Open rct opened 2 years ago

rct commented 2 years ago

For various reasons rtl_433 may output messages with bad data, such as humidity values that fall outside of the range of 0 - 100. For most protocols message integrity checks (MIC) based on checksums, CRCs, and/or parity bit should cause bad messages to be rejected. However this doesn't always work. MIC are not 100% accurate. In some cases it is possibly hardware error with the device itself, a sensor might be bad or have a temporary glitch, but the device calculates the MIC correctly with the bad data. (There have been cases in some decoders identified where a bitbuffer of all zeros could pass the MIC checks like checksum. In a number of cases, those decoders have had checks added to prevent this.

This is a topic that at first glance seems somewhat trivial, but it isn't. Points of view may change after a year or more of operating a system with a variety of sensors. There is no one correct answer to this for all applications. I've been thinking about this for a while, but haven't tried to implement anything yet because I don't have a view yet for what is the correct thing.

The case for not filtering in rtl_433

This leads to the question of whether rtl_433 should do some sanity check of data, An argument against doing sanity checking in rtl_433 is an architectural view that rtl_433 should do its best to handle the RF and lower layers of the bit manipulation in a very general manner and then get out of the way to be of use to a wide range of consumers.

Related to this is the architectural view that rtl_433 should not be maintaining any state for devices, that should be up to consumers and state requirements might be not only consumer specific, but could also be device specific.

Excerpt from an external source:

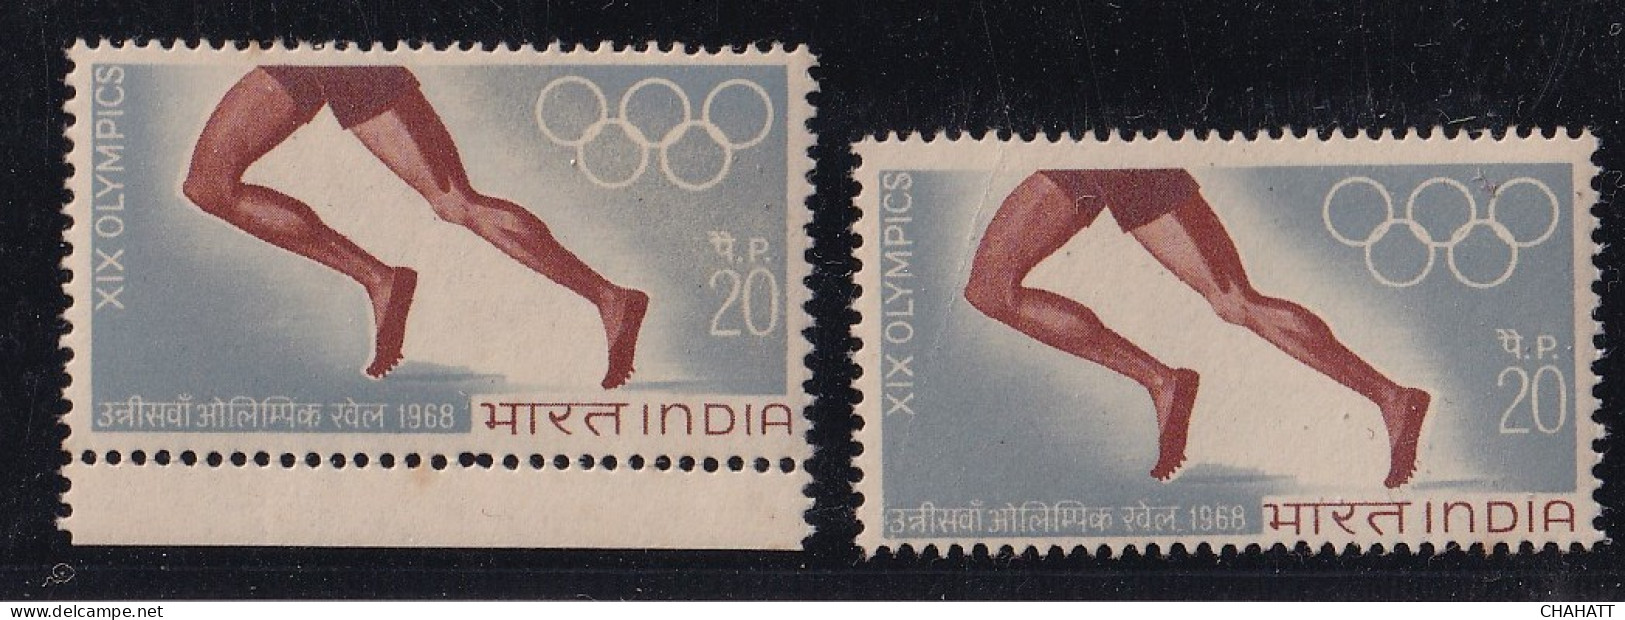 INDIA-19th OLYMPICS- 20p- ERROR-FRAME SHIFTING-MNH-IE-51 - Errors, Freaks & Oddities (EFO)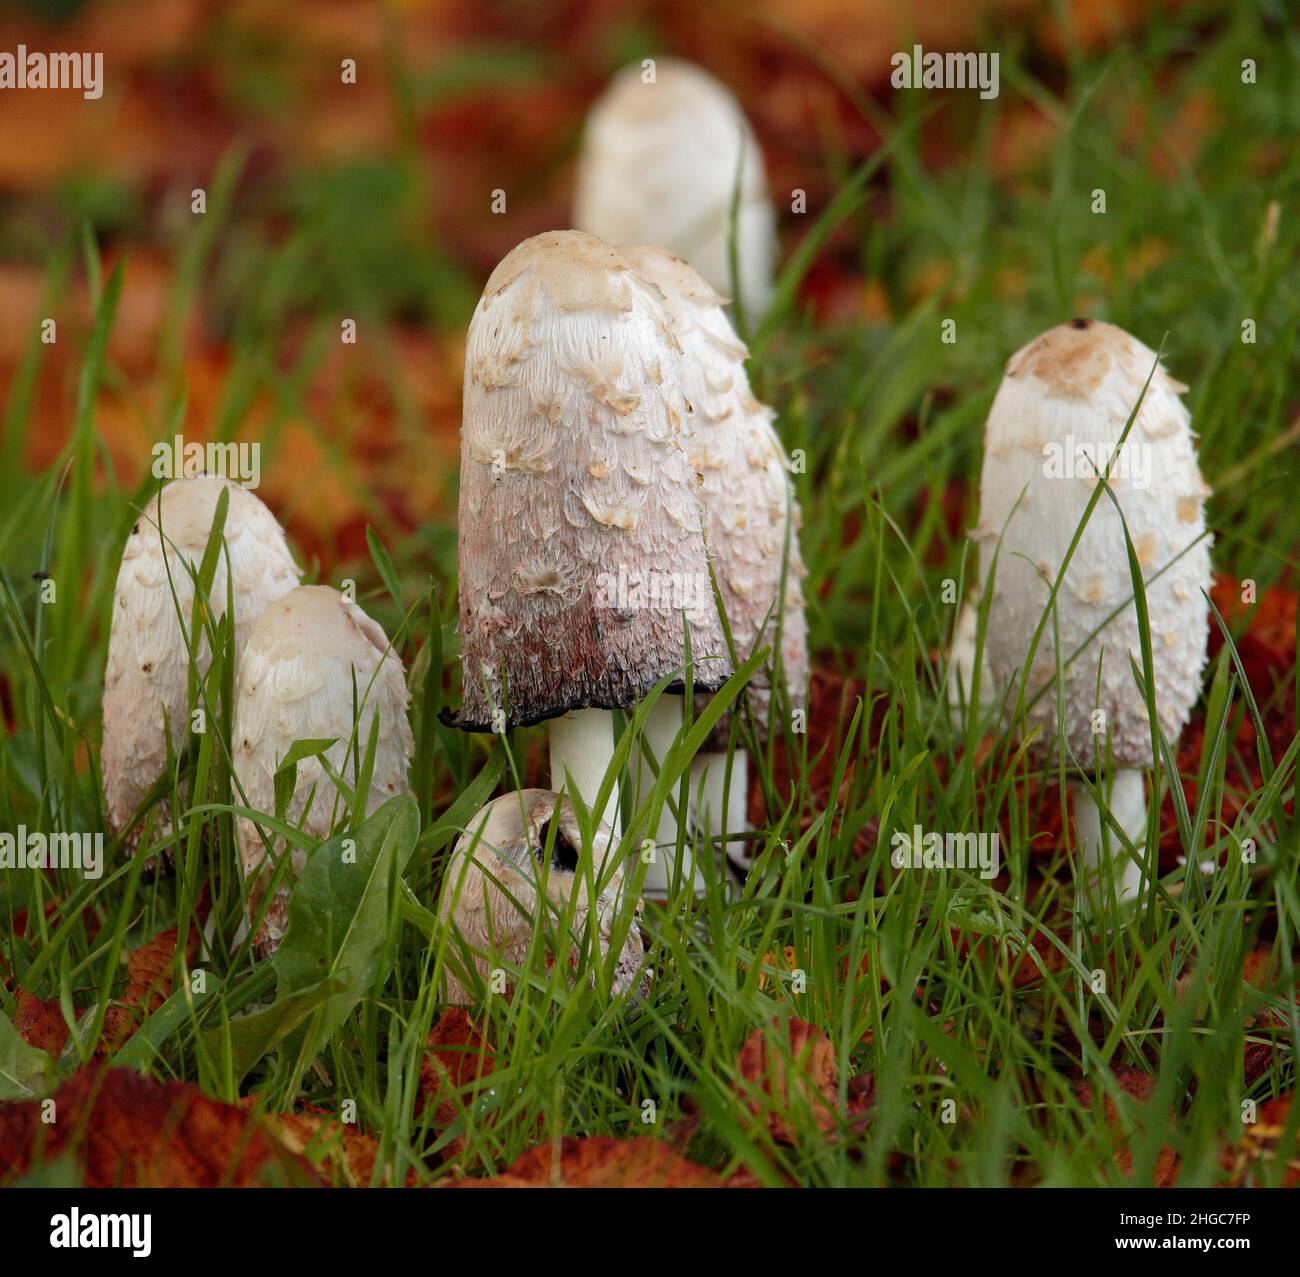 Shaggy Ink Cap Mushroom Stock Photo

Not doing any filtering/sanity checking makes sense when application specific code reads from rtl_433 and can make it's own decisions. For example:

rtl_433 -> application with filtering -> database/view applications

rtl_433's ability to implement sanity checking is limited by not keeping state

The architectural view that rtl_433 shouldn't maintain any state limits the types of sanity checking that can be done within rtl_433. Data that is within range but still potentially bad can't be filtered by rules that need history. For example rejecting values because the rate of change exceeds a threshold.

Not keeping state in rtl_433 does have many benefits for a clean design. It helps keep rtl_433 general and usable for a wide range of uses cases beyond just receiving weather and environmental data. An application that uses rtl_433 to receive data from security sensors has different requirements than a weather console.

Common use cases that need filtering (for lack of sanity checking in other applications)

However in the last few years, rtl_433 has added generalized publishing for messaging (MQTT) and storage (InfluxDB). A common use case is:

rtl_433 -> MQTT -> Home automation platform (Home Assistant). 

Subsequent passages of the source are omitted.